WORK INSTRUCTIONS: Exactly retype the lines below from the one containing "Extra Large TV" through the end of the listing. Leave pictures out.
[[ DATASET SECTION, beginning ]]
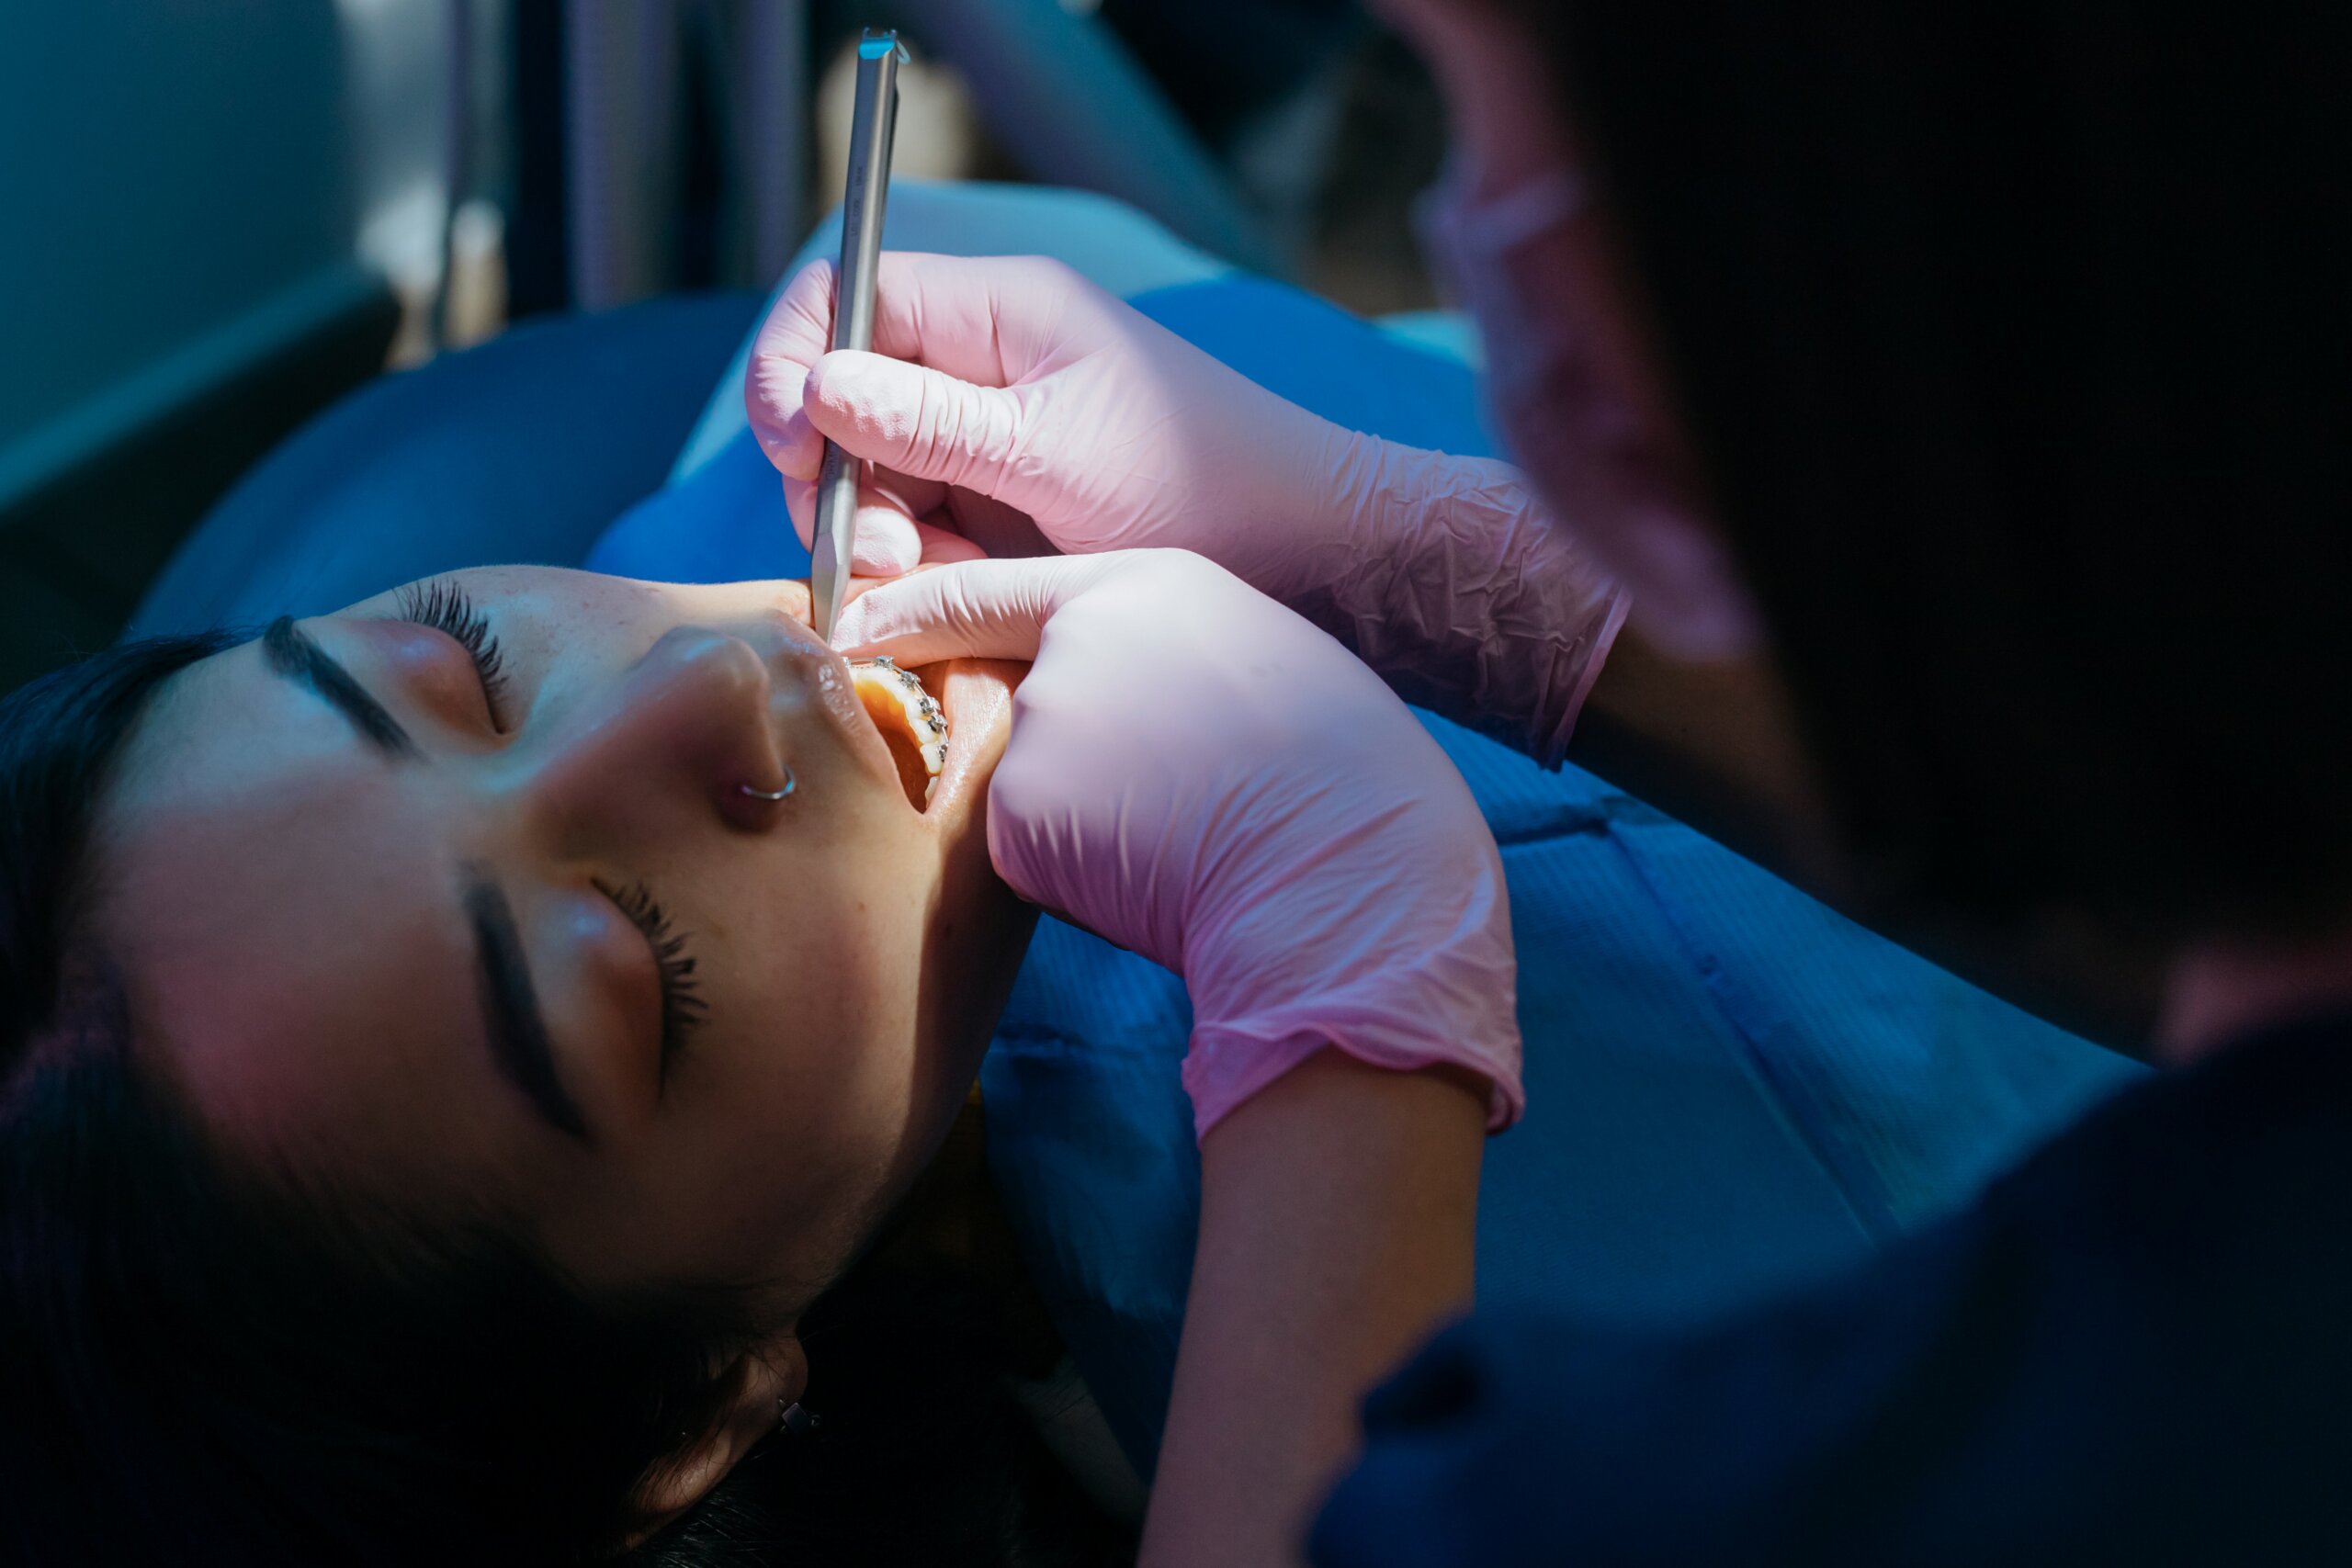 Dental examination in progress with a patient reclining as a dentist performs a check-up.
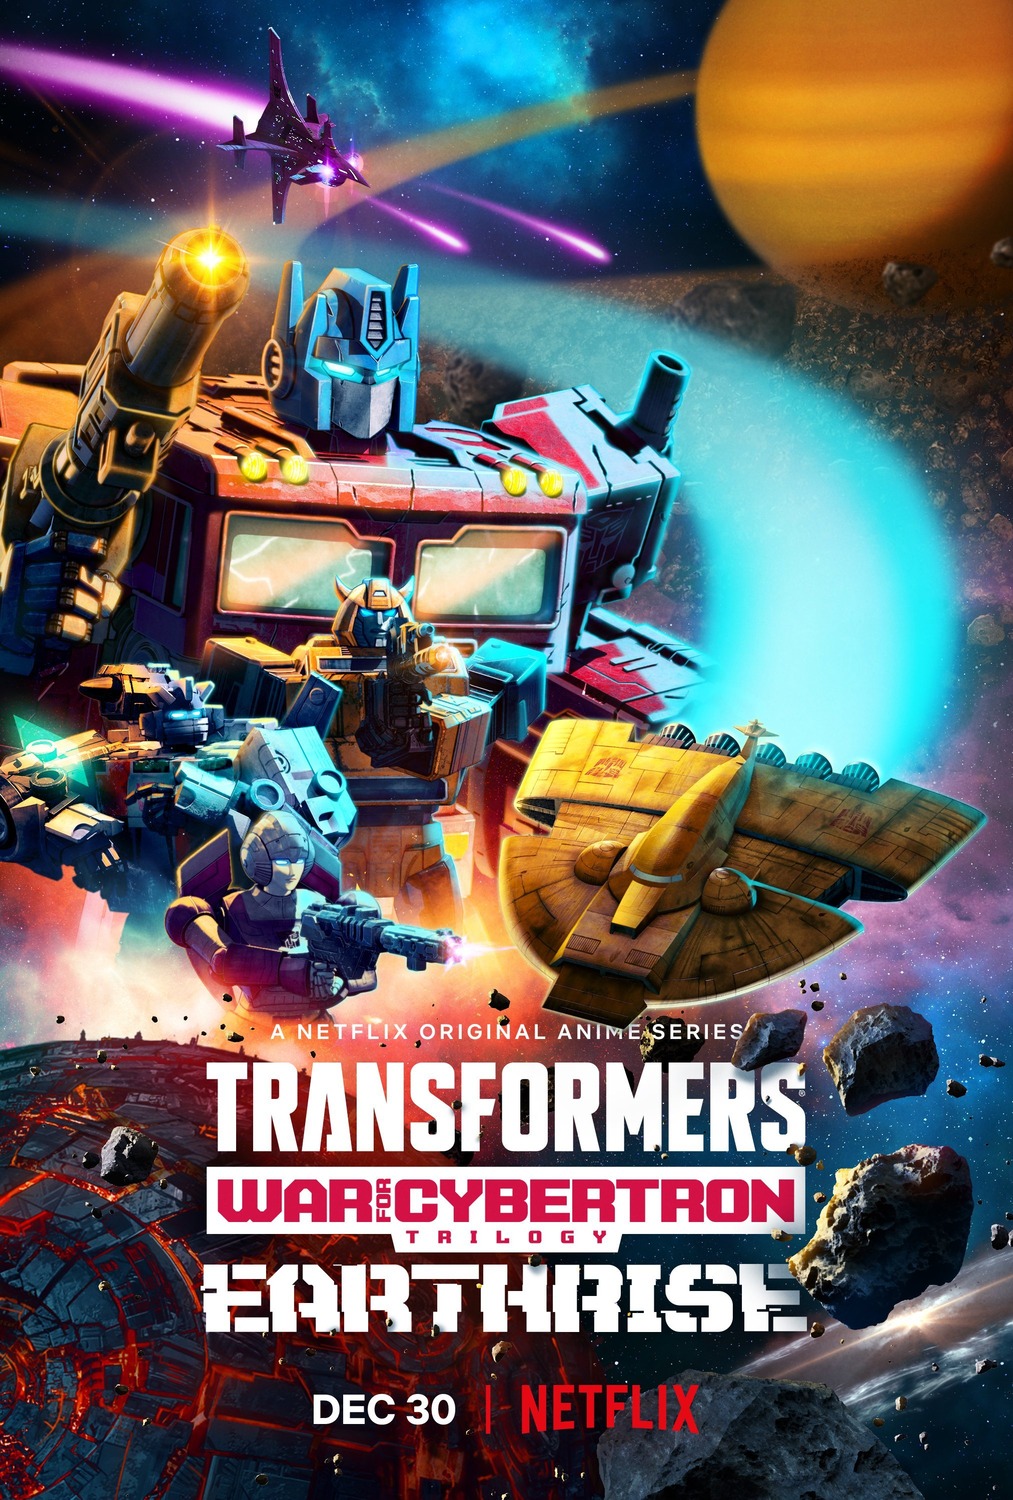 Extra Large TV Poster Image for Transformers: War for Cybertron Trilogy (#12 of 15)
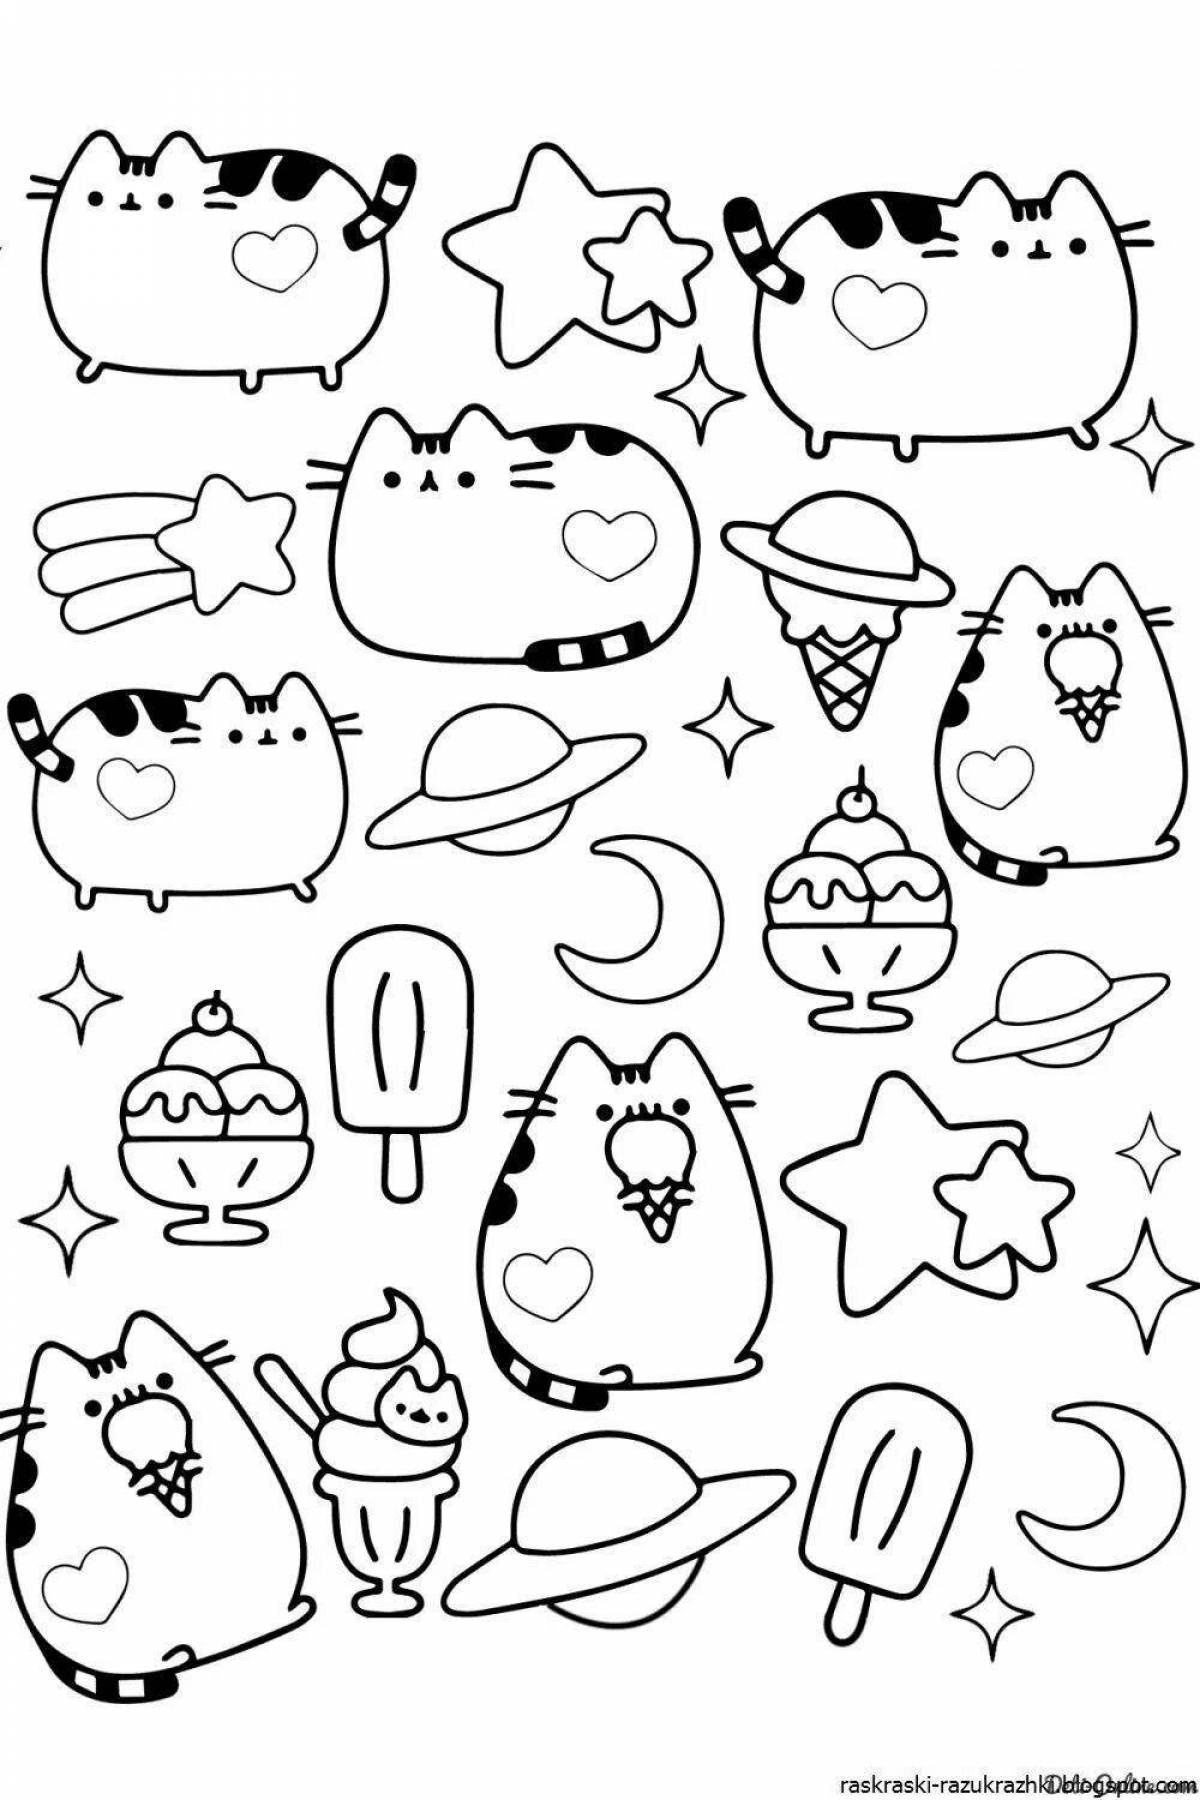 Cats small for stickers #6
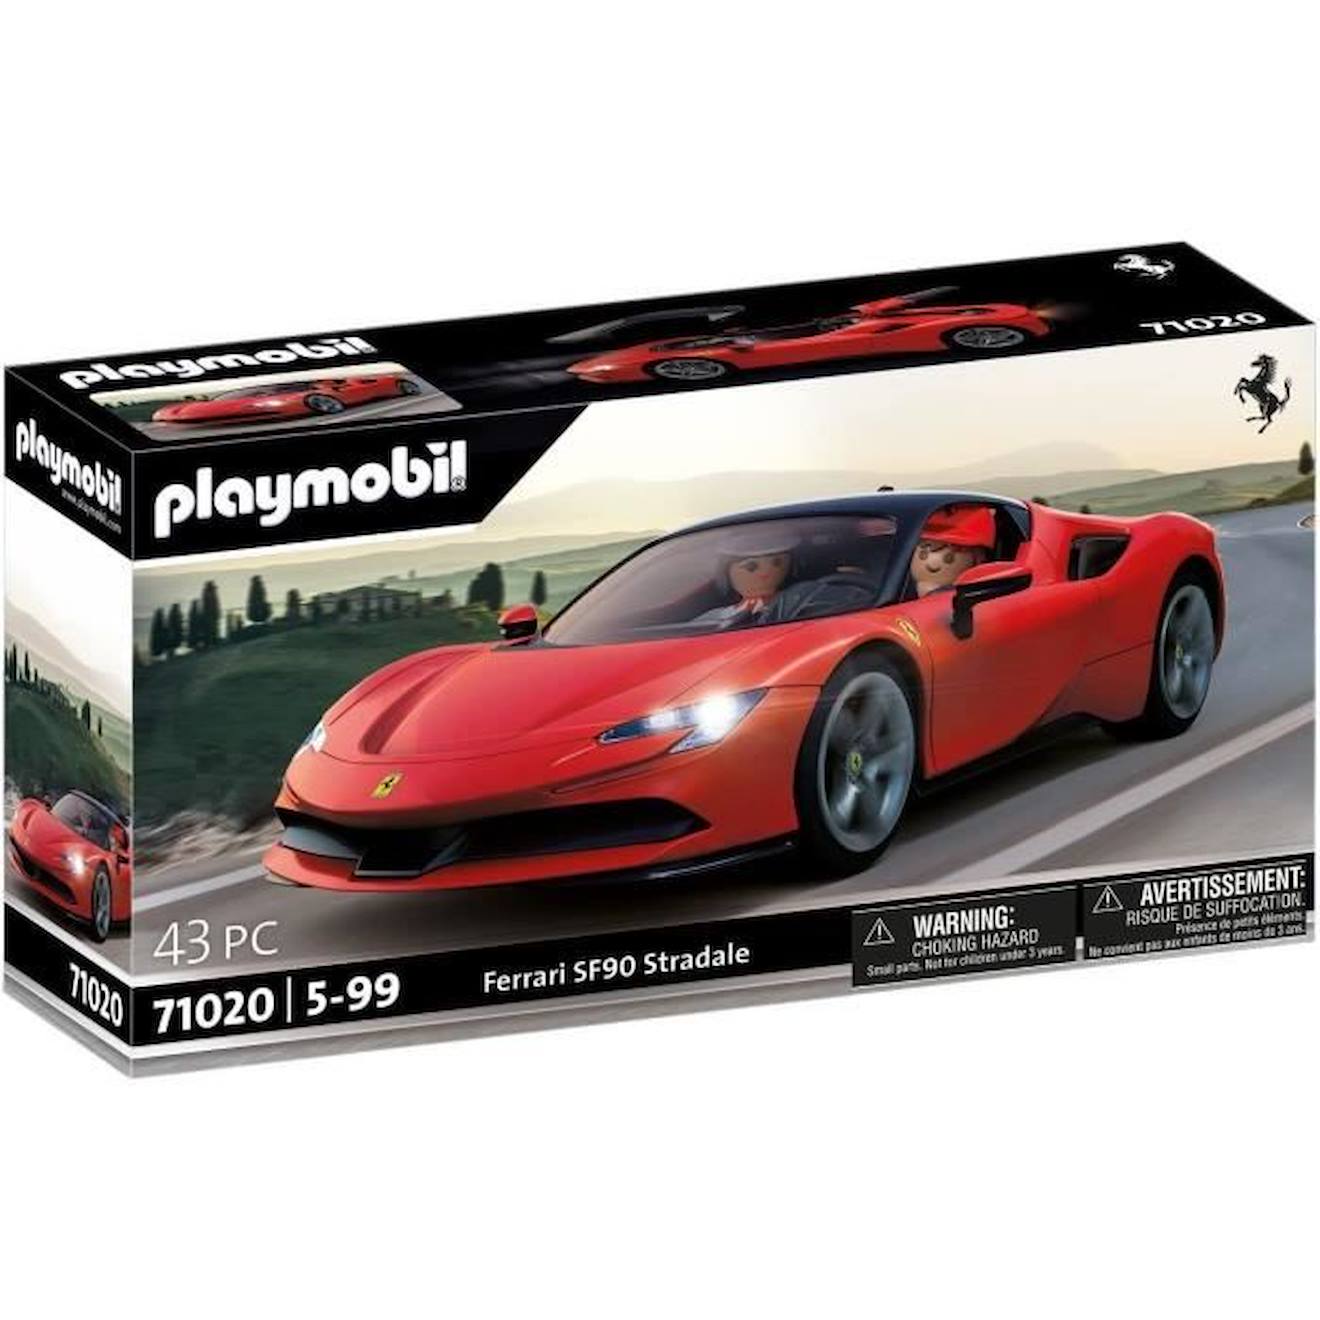 Playmobil - 71020 - Ferrari Sf90 Stradale - Classic Cars - Voiture De Collection Rouge
[[ DATASET SECTION, end ]]
RESULT FOR THIS TASK:
 Extra Large TV Poster Image for Transformers: War for Cybertron Trilogy (#12 of 15)
 Cats small for stickers #6
 Playmobil - 71020 - Ferrari Sf90 Stradale - Classic Cars - Voiture De Collection Rouge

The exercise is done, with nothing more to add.